Self-compassion is the buzzword of the day. Research shows that when we show ourselves compassion instead of beating ourselves up there are significant changes to how we view ourselves. Unfortunately today we live in a cultural storm that encourages and embraces self-criticism. It even touts that being hard on yourself is highly motivating. This is not only inaccurate but can be damaging to who we are and how we feel about ourselves. People who show self-compassion feel better about themselves and their lives than those who don’t.
Furthermore, people who are more self-compassionate are more caring and supportive. They tend to feel worthy, are happy, feel authentic and are more able to express their opinions in their relationships. Research shows that self-compassion actually reduces the stress hormone cortisol. The results of research into self-compassion conducted by Dr Neff indicated that individuals with self-compassionate partners were significantly more likely to report being satisfied with their relationship. In addition to this Dr Neff also found that partners of people who were more self-compassionate were also more:
- Caring (i.e., affectionate, warm, and considerate)
- Accepting of their partners
- Inclined to accept their partner’s limitations
- Likely to compromise in times of relationship conflict
So what is self-compassion and why is it important?
Self-compassion is an action and an attitude in which we accept and embrace ourselves. Being self-compassionate means embracing ourselves for who we are, the good, the bad and everything in-between. It’s important because it doesn’t just improve our feelings toward ourselves but research shows that it also improves the relationships with have with others.
According to Dr. Kristen Neff, there are some core components to self-compassion:
Treating ourselves kindly
So often women will extend empathy out to others and feel completely isolated in their own struggles. We live in a culture that reveres women who appear to do it all, who can be everything to everyone. We see it in the media, at schools, at work, within our friendship groups as well as in our families. In my private practice in Brisbane I see women who are worn out and overwhelmed. When they feel like this they tend to withdraw into their own heads listening to the “not good enough” stories they tell themselves. As we try to be all things to all people we are becoming lost.
Linking in to our common humanity and reminding ourselves that we are trying our best
No one is perfect. Everybody makes mistakes. We are hardwired to connect and it is through relationships with others that we can really feel seen and heard. We are hardwired to connect and to be in relationships. It is through these attachment systems that we are able to be soothed with love and affection. The process of loving compassion helps to calm us down, reduce stress and relieve worries. Criticism does the opposite. Those principles hold true whether the love and compassion come from someone else or ourselves. The same is true of criticism.
To be able to be in the present moment and turn toward our own struggle and suffering
As we pause and recognise that we are struggling we need to show ourselves compassion.
Being more understanding and less judgmental about our inadequacies
In our world of social media comparison is rife. Being good enough quite simply is not good enough. We need to be smarter, richer, more cultured, more artistic, and thinner. Average has become a dirty word. Self-esteem comes down to how we value ourselves in comparison to others. A lot of parents try to instill self-esteem in their children, praising them often. The problems arise when the praise is linked to comparison with others. What happens when our praise is conditional on comparison is that we develop high self-esteem but low levels of self-acceptance and self-compassion.
That awful internal voice
No matter what kind of parent, person, partner, or colleague they are, many people simply feel like they are not good enough. We are far crueler to ourselves than any other person could ever be. Some of the things women have said to me in sessions include:
- I’m so stupid
- I’m so disgusting
- I’s pathetic
- I’m lazy
- I’m ugly
- I’m a loser
While we may think that beating ourselves up will motivate us to change, we are actually ensuring that negative behavior patterns remain in place. People who criticise themselves relentlessly are likely to find shadow comforts to soothe hurt feelings.
- Beat yourself saying cruel and unhelpful things that deeply wound?
- Get really anxious or fearful and use activities that help you to escape like food and alcohol?
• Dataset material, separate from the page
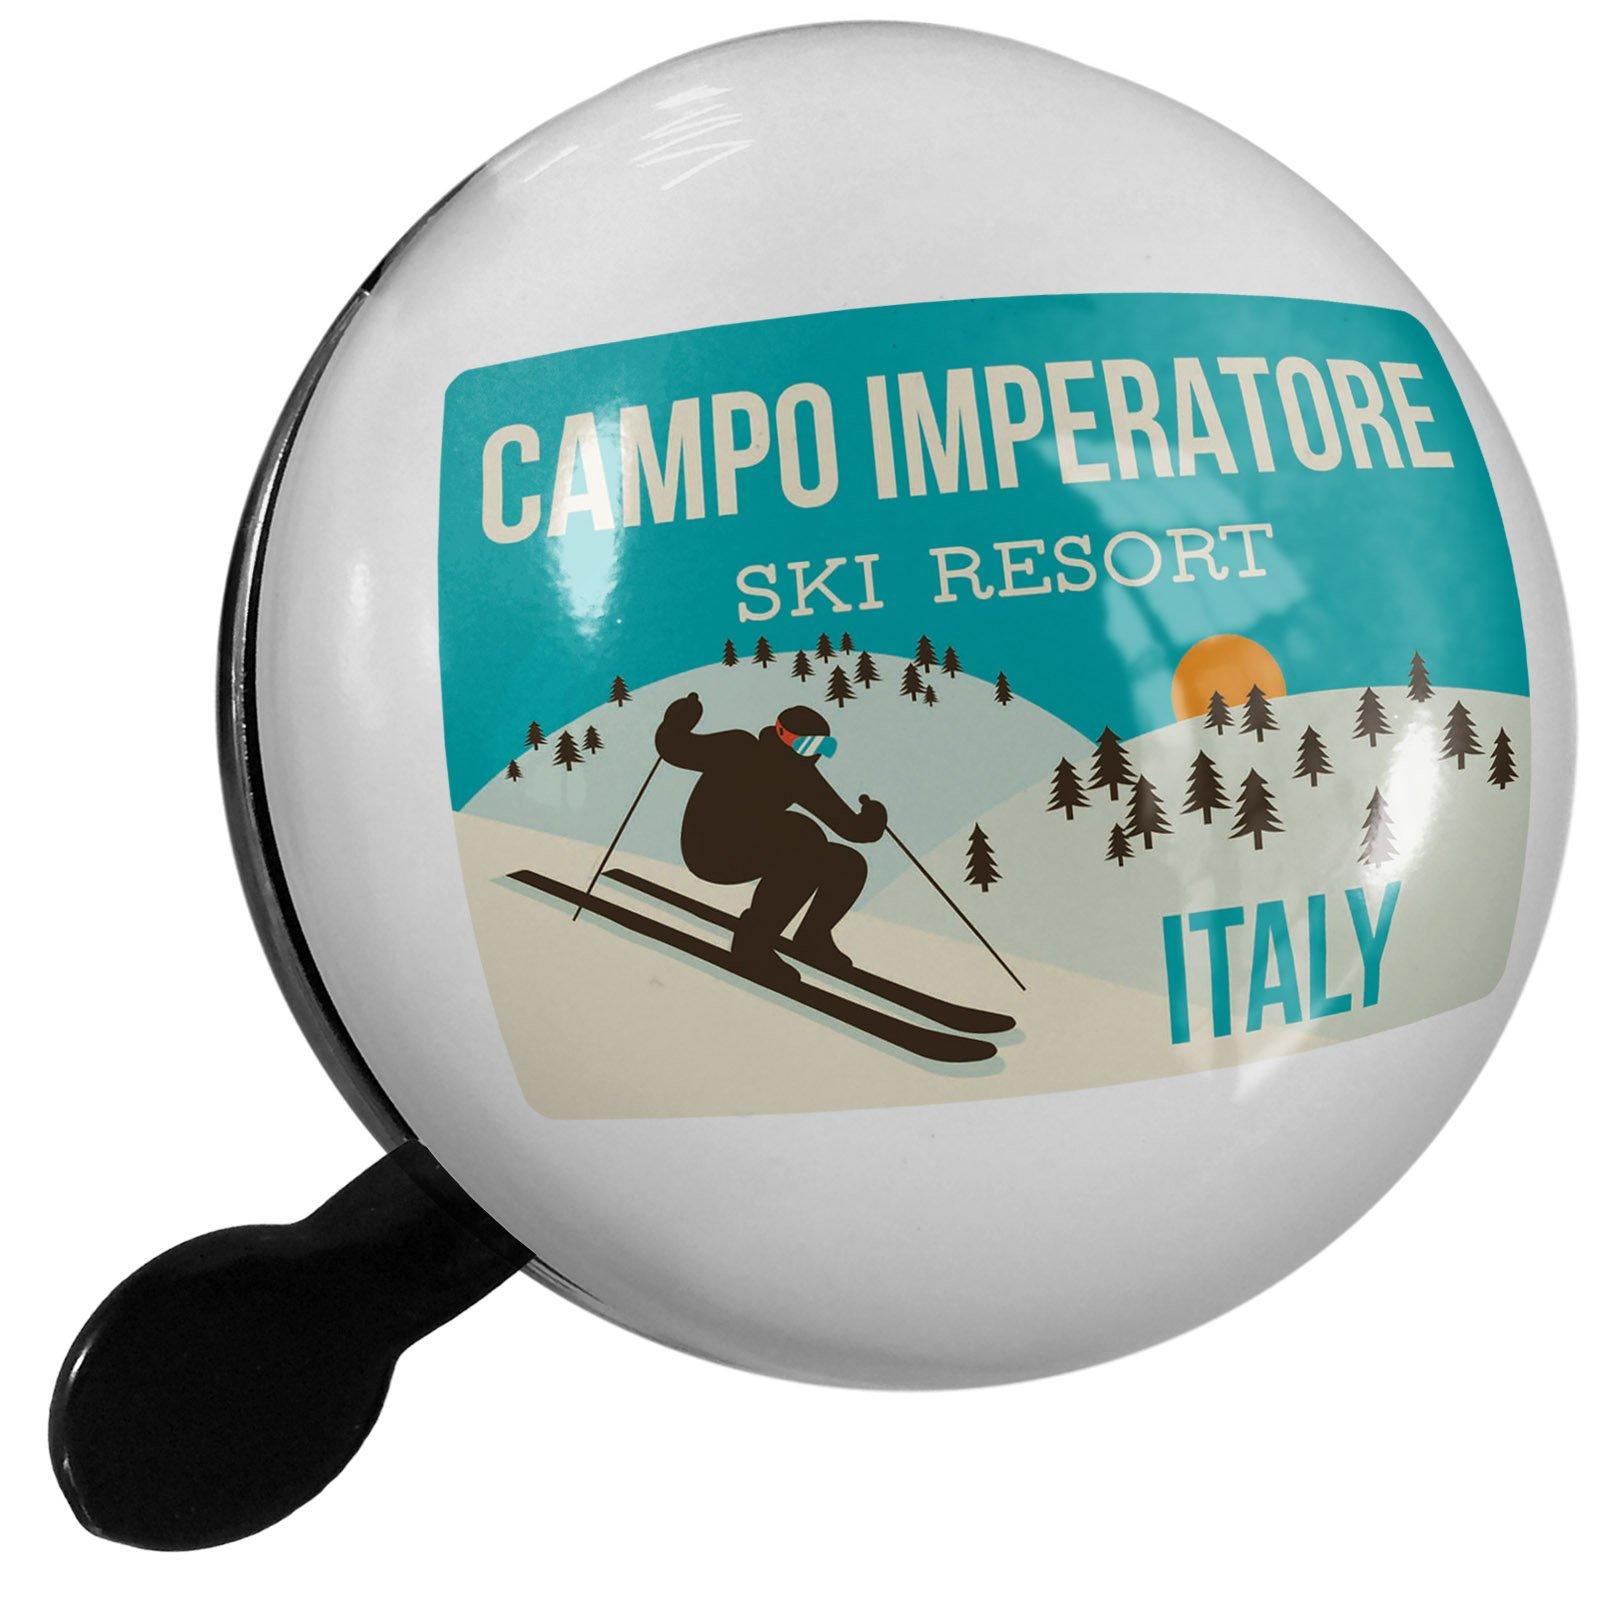 Small Bike Bell Campo Imperatore Ski Resort - Italy Ski Resort - NEONBLOND
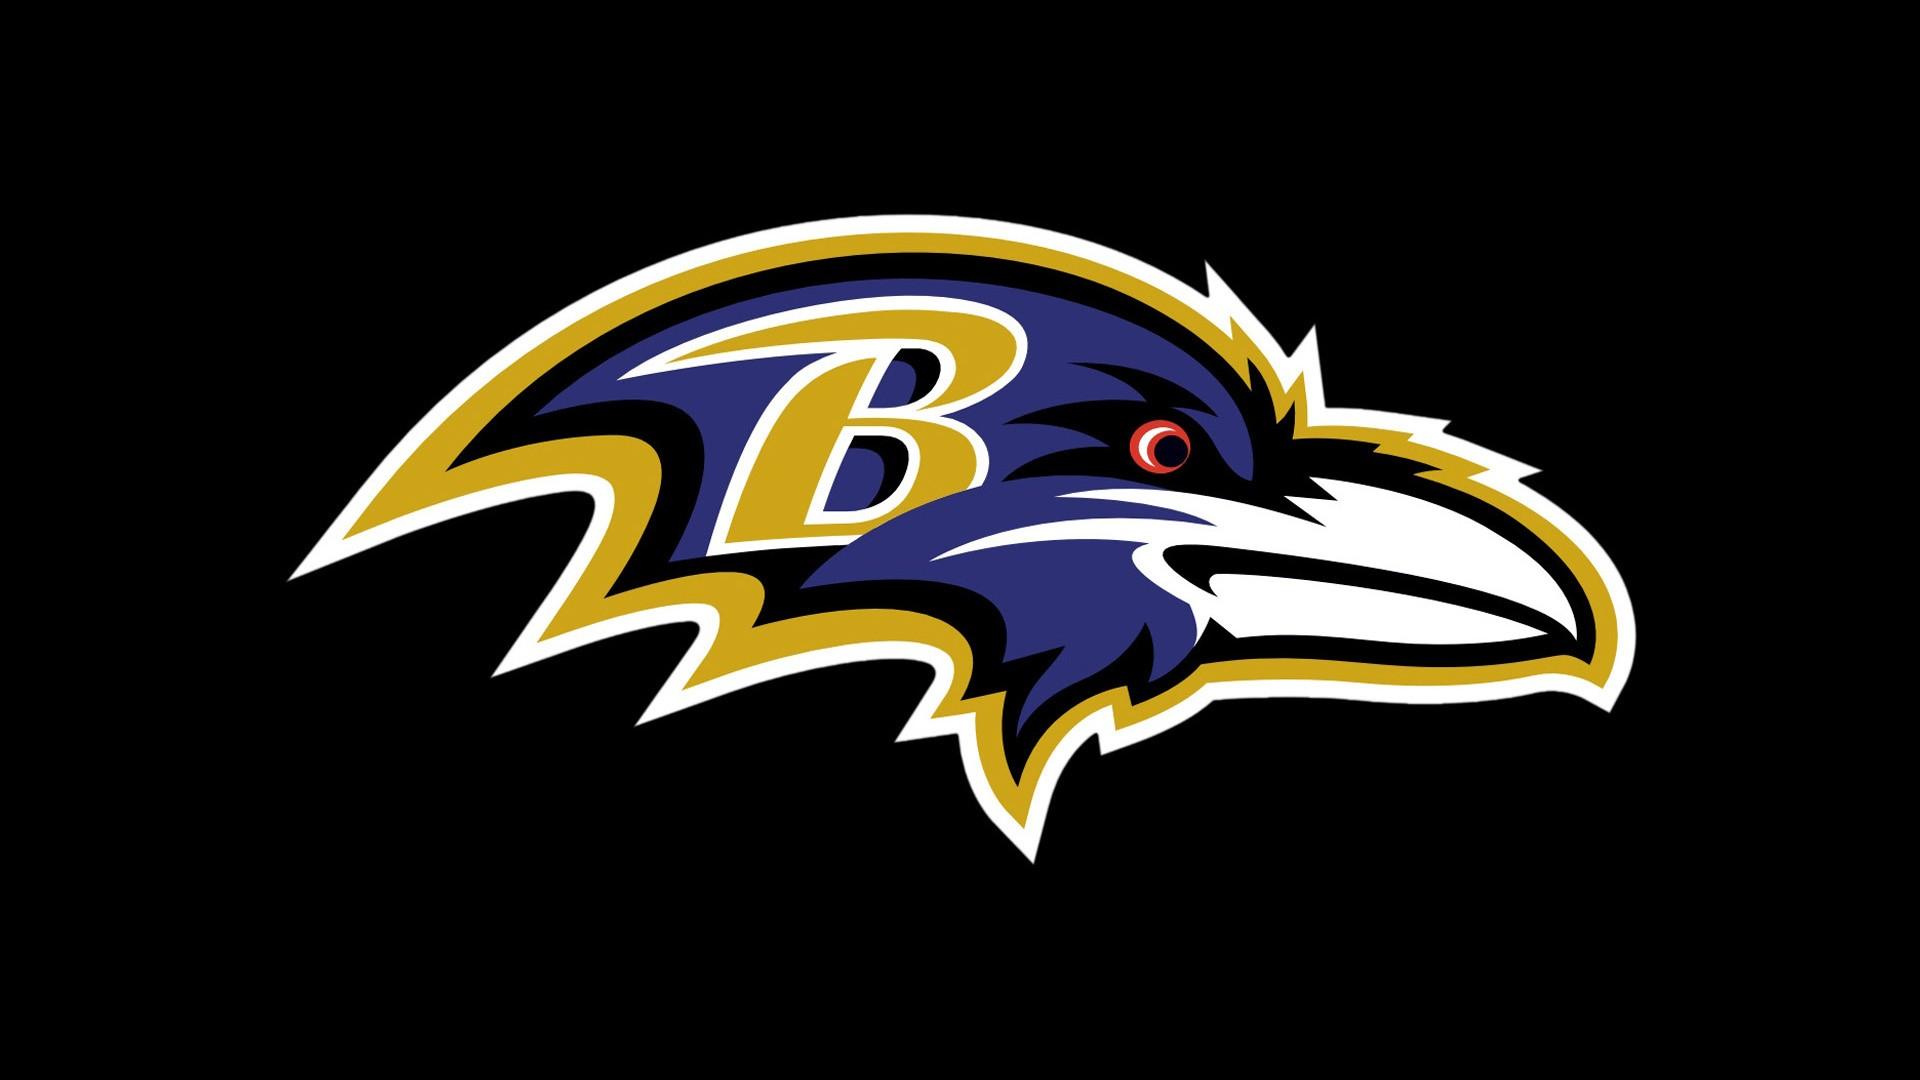 Ravens Football Logo HD Wallpaper Baltimore Ravens Football Logo 1920x1080

- Get stuck in your own head and seem to over-think just about everything so that you are unable to make decisions?
- Not only talk to yourself in a mean way but also agree with that nasty internal voice?
- Judge yourself far more harshly that you would any other person?
To counter these thoughts try using the following phrase;
“I’m noticing I’m telling myself the story that I am …”
By beginning to “notice” what your inner voice is telling you, you not only stop it in its track, but you put some emotional distance between the instinctive need to beat yourself up and the capacity to choose an alternative narrative like “I’m doing my best right now”.
So if you find that you are being highly critical of yourself slow down and notice the stories that are running through your head. Then try being kind and compassionate to yourself. There are more than enough reasons to practice self-compassion.